Davis studies environmental health and chronic disease. Since 1999 she has been a Visiting Professor at Carnegie Mellon University's Heinz School. She is also an Honorary Professor at London's School of Hygiene and Tropical Medicine, a Visiting Professor in the Department of Environmental and Occupational Medicine at Mt. Sinai Medical Center in New York City, a Visiting Scientist of the Strang Cornell Cancer Prevention Center of the Rockefeller University, and Expert Advisor to the World Health Organization.

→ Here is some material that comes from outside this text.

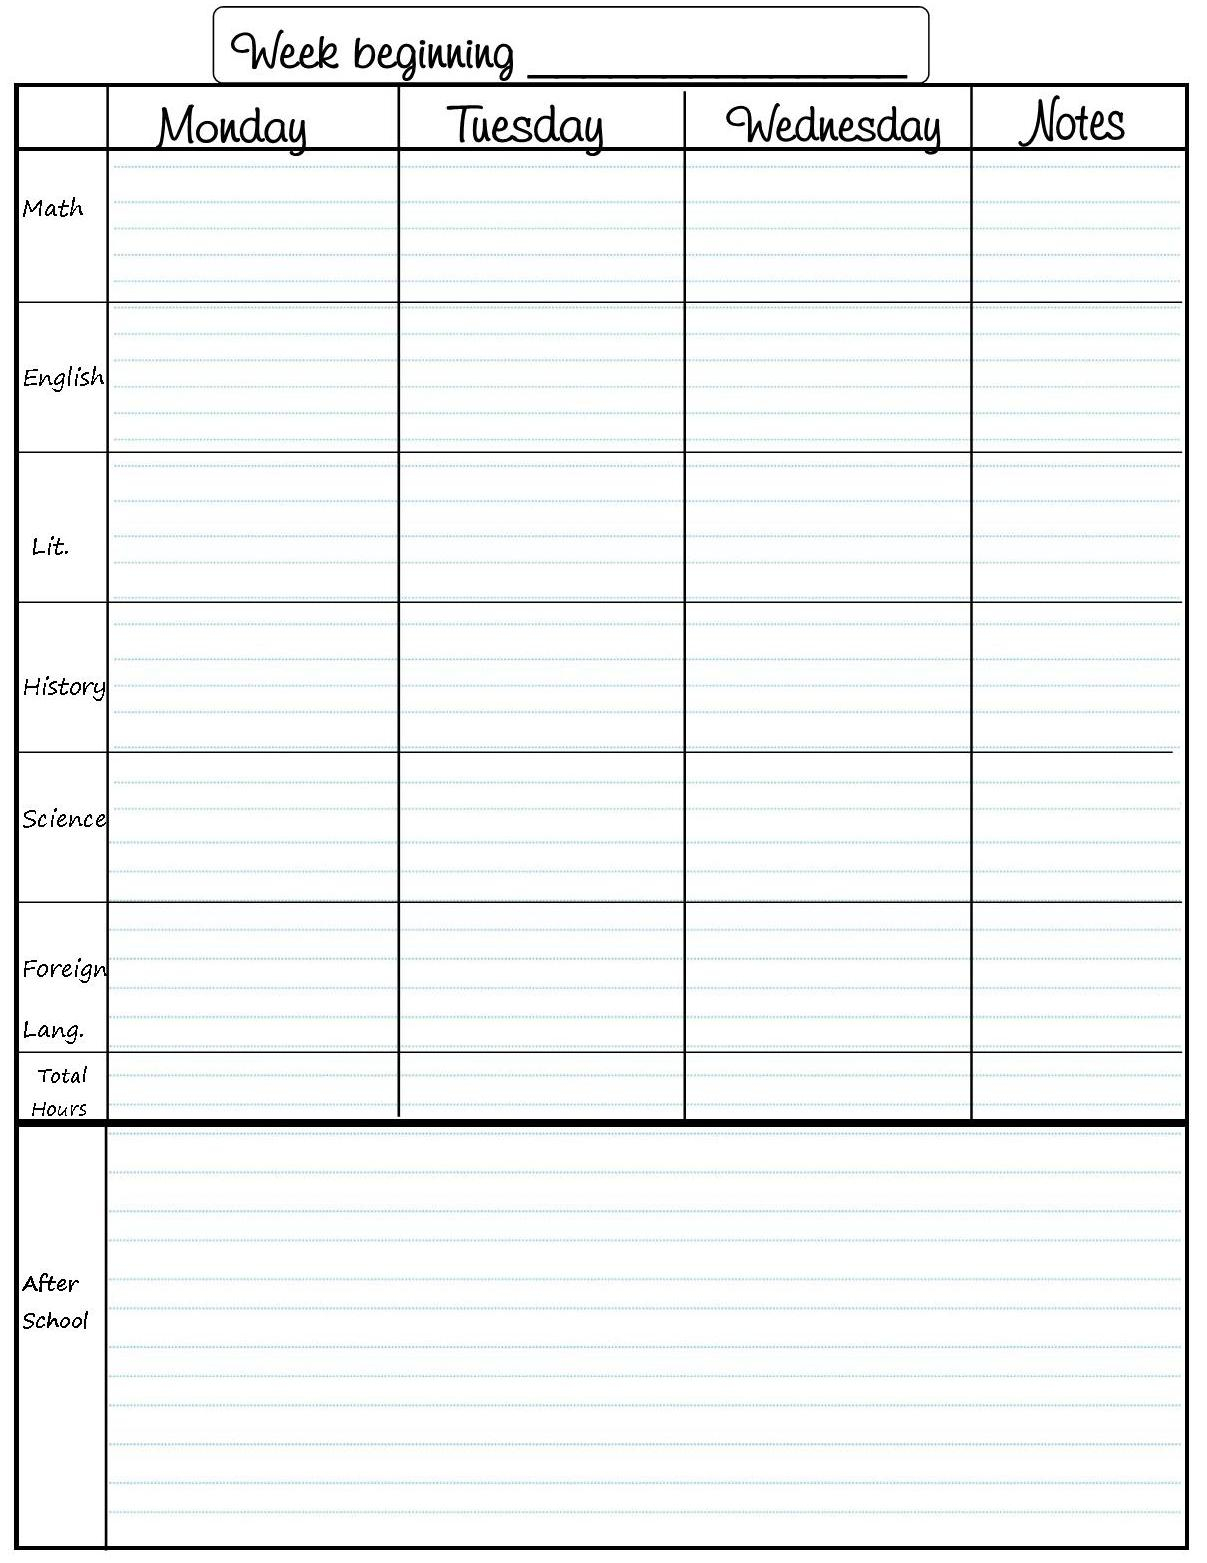 Student Planner Template Free Printable | Printable Planner Template - Free Printable Student Planner 2017

Davis holds a B.S. in Physiological Psychology and an M.A. in Sociology from the University of Pittsburgh. She completed a Ph.D. in science studies at the University of Chicago as a Danforth Foundation Graduate Fellow, and a M.P.H. in epidemiology at the Johns Hopkins University as a Senior National Cancer Institute Post-Doctoral Fellow. Davis has authored more than 170 publications in books and journals ranging from Scientific American to the Journal of the American Medical Association, to the New York Times
. Admission to this Falmouth Forum presentation is free and open to the public. A buffet dinner is available before the lecture at 6:00 p.m. in the Swope Center located near the auditorium. Dinner tickets are $16 and must be purchased in person and in advance at either Eight Cousins Children's Books, Main Street, Falmouth, or at the MBL's Communications Office in the Candle House in Woods Hole. Dinner seats are limited and available until they sell out or until 5:00 PM on Tuesday, April 27. All tickets are nonrefundable. For more information contact the MBL's Communications Office at 508-289-7423.
The MBL Associates were founded in 1944 to provide an opportunity for friends of the Laboratory, both scientists and non-scientists, to support the MBL. Over the years the Associates have taken on a wide range of projects, including providing fellowships for young scientists, supporting the MBL WHOI Library, renovating the Lillie Auditorium, and landscaping the Whitman-Loeb quadrangle on the Woods Hole campus. The Associates also help bring the work of the Laboratory to a broader public by sponsoring the Falmouth Forum Series and operating the MBL Gift Shop. Membership is open to anyone with an interest in the Laboratory.
The Marine Biological Laboratory is an internationally known, independent, nonprofit institution dedicated to improving the human condition through creative research and education in the biological, biomedical and environmental sciences. Founded in 1888, the MBL is the oldest private marine laboratory in the Western Hemisphere.